■ The task
Transcribe the data underneath exactly. No images belong in your version.

■ Supplied data

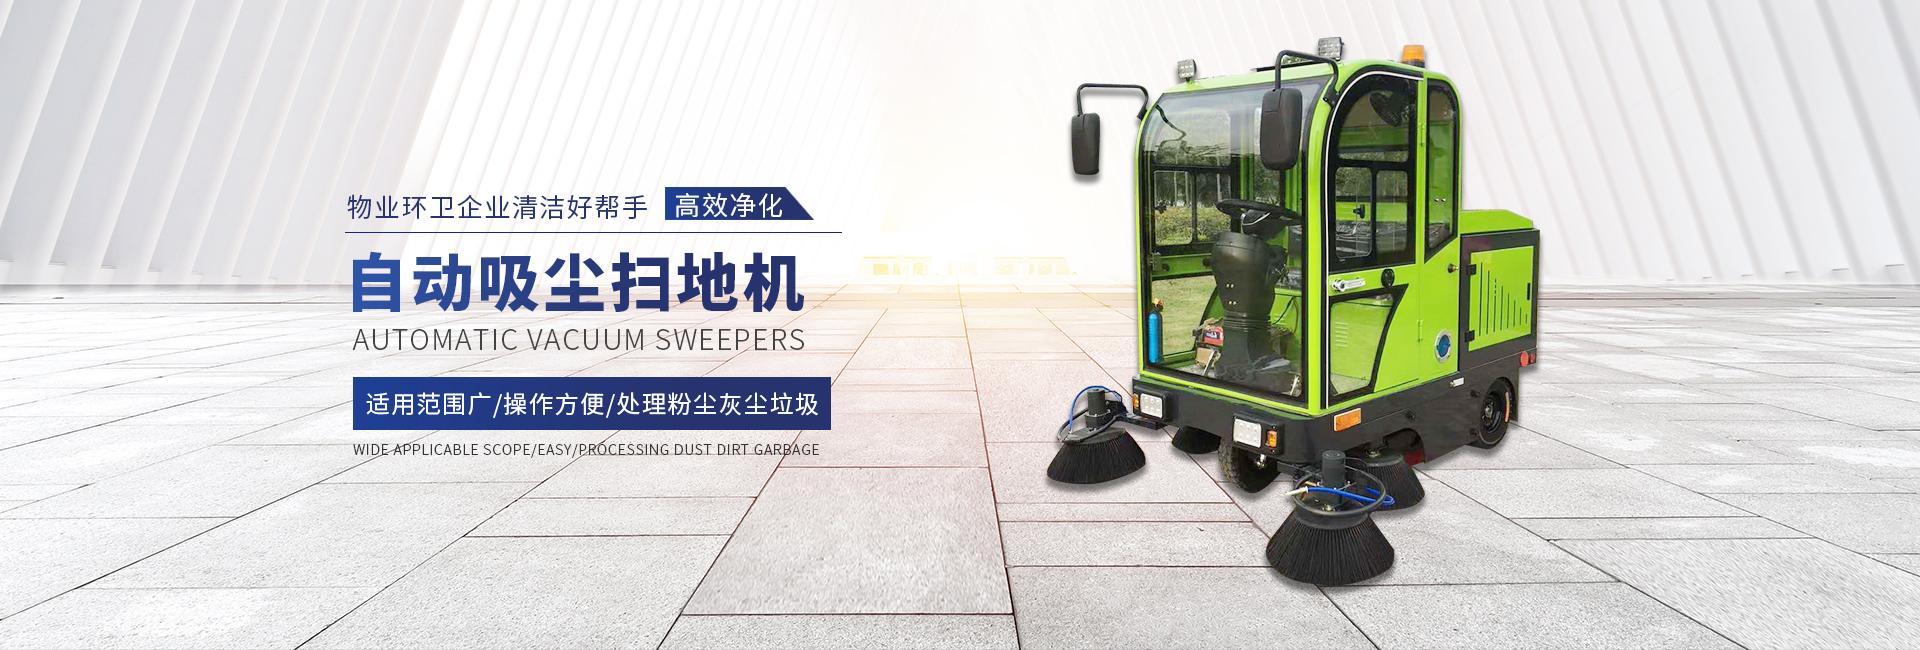 自动吸尘扫地机
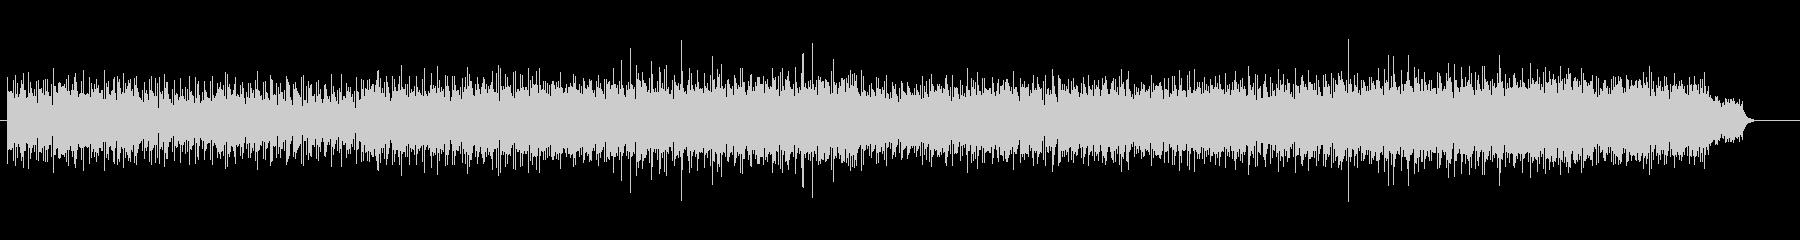 ゴージャスなボサノバの未再生の波形
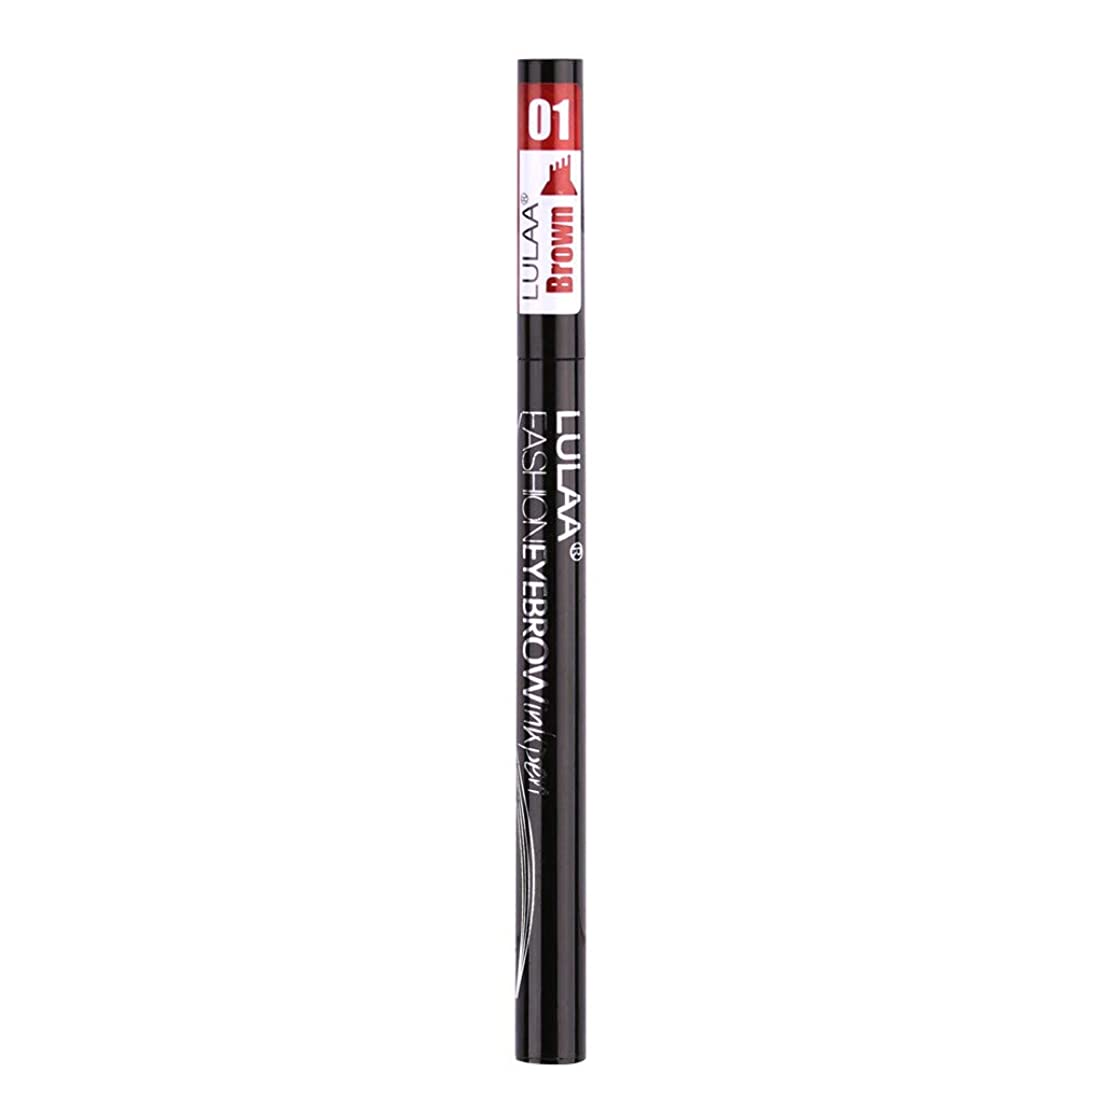 忘れられないコンセンサス不条理着色すること容易な咲かない永続的な液体の眉毛の鉛筆

■ Answer space
 自动吸尘扫地机
 ゴージャスなボサノバの未再生の波形
 忘れられないコンセンサス不条理着色すること容易な咲かない永続的な液体の眉毛の鉛筆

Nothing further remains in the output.